Reports Shows Nigeria Ranks 4th in Africa for Affordable Internet Data

Nigeria didn’t move up the ladder, rather maintained the 19th position it ranked in 2020, though with a lower score of 66.19.

According to the Alliance for Affordable Internet’s (A4AI) 2021 Affordability Drivers Index (ADI) study, Nigeria ranks 19th out of 72 in the world for internet affordability in 2021, and fourth in Africa. 

In terms of legislation, infrastructure, and how individuals may use the Internet in the nation, A4AI scored Nigeria  68.71 out of 100. Nigeria is the fourth most cheap Internet country in Africa, trailing Morocco, Botswana, and Mauritius, which are rated 9th, 13th, and 18th globally, respectively.

Unfortunately, the report showed that Nigeria didn’t move up the ladder, rather maintained the 19th position it ranked in 2020, though with a lower score of 66.19.

According to A4AI, high ADI scores are associated with lower Internet costs on both the industry and consumer sides.
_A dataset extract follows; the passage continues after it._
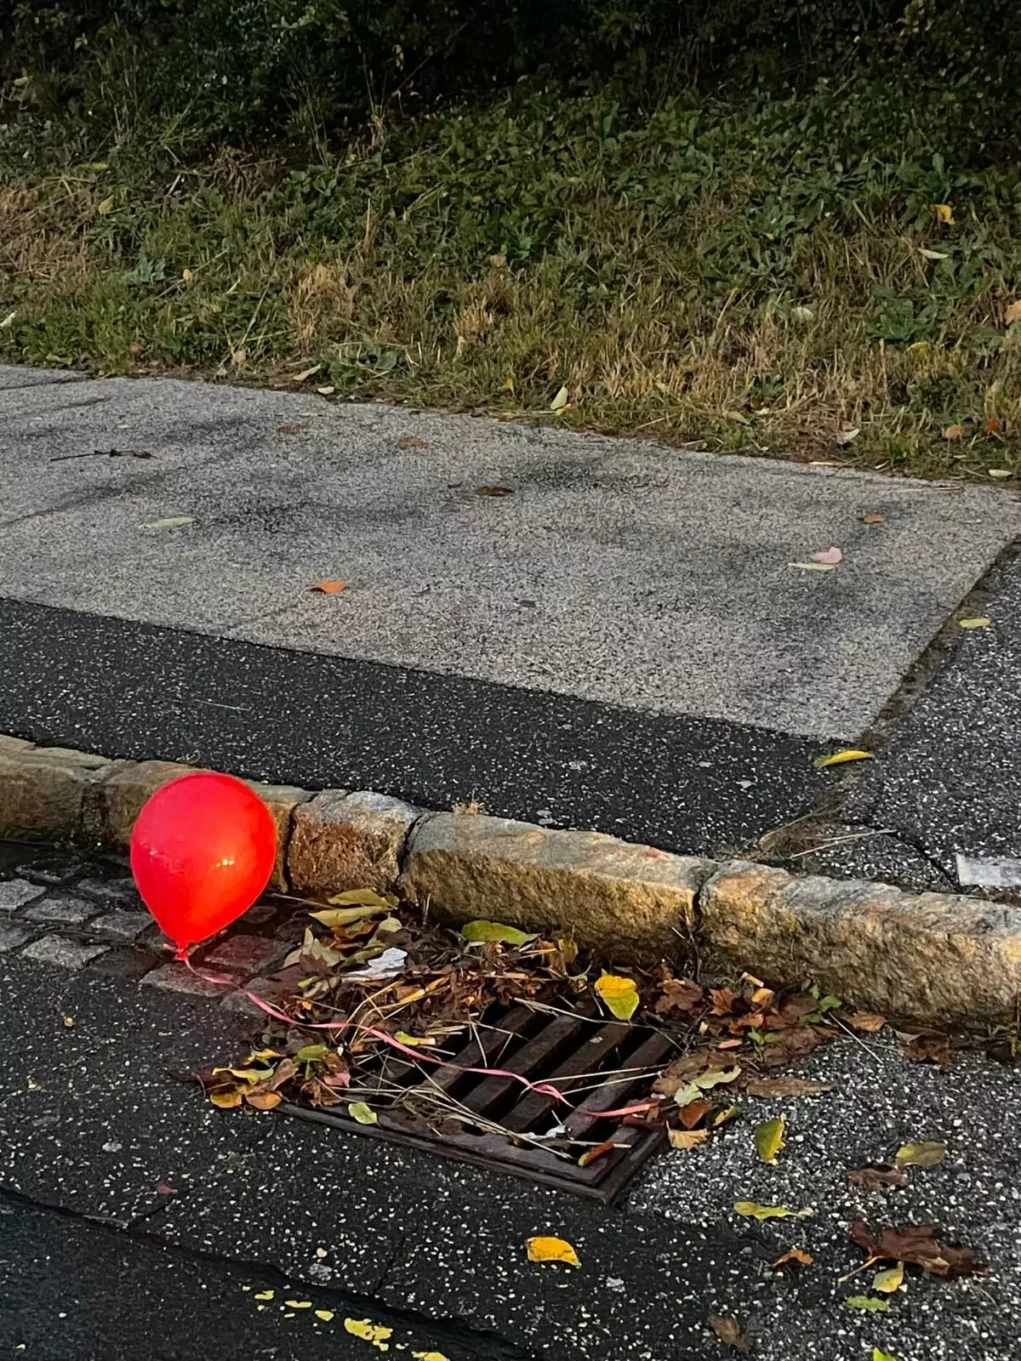 Halloween-Nacht beginnt: Wieder Es-Luftballone in Villach gesichtet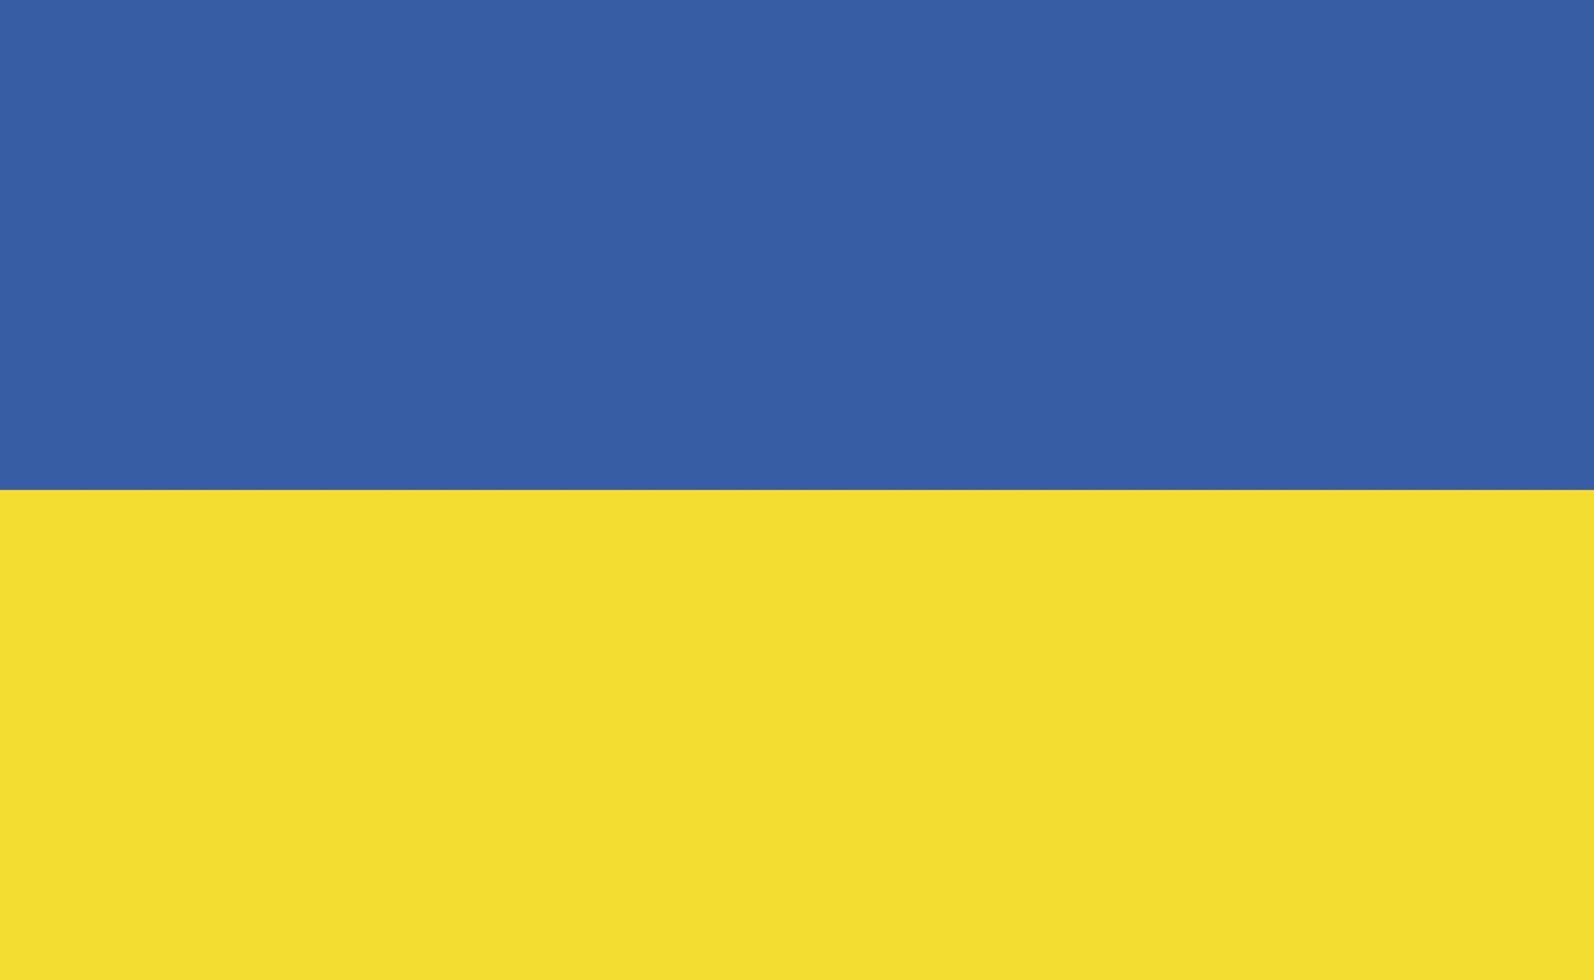 Ukraine national flag in exact proportions - Vector

The ADI scores countries in two main policy groups: the degree to which Internet network has been deployed, as well as the policy framework in place to encourage future infrastructure expansion; and current broadband adoption rates, as well as the policy framework in place to enable accessibility.

“High ADI scores correlate with reduced broadband costs on both the industry side and for consumers. As the figure shows, there is a positive and statistically significant correlation between a country’s ADI score and the affordability of a 1GB mobile prepaid broadband plan — reaffirming that improving policies and regulations to lower industry costs should be a priority for all, and particularly for low- and middle-income countries,” stated the organisation in the report.

It went on to say that the ADI tool was created to evaluate how well a country’s policy, regulatory, and overall supply-side environment is functioning to reduce industry costs and, eventually, provide more inexpensive broadband. “In particular, policymakers and relevant stakeholders can use this tool to identify where progress is needed most,” it said.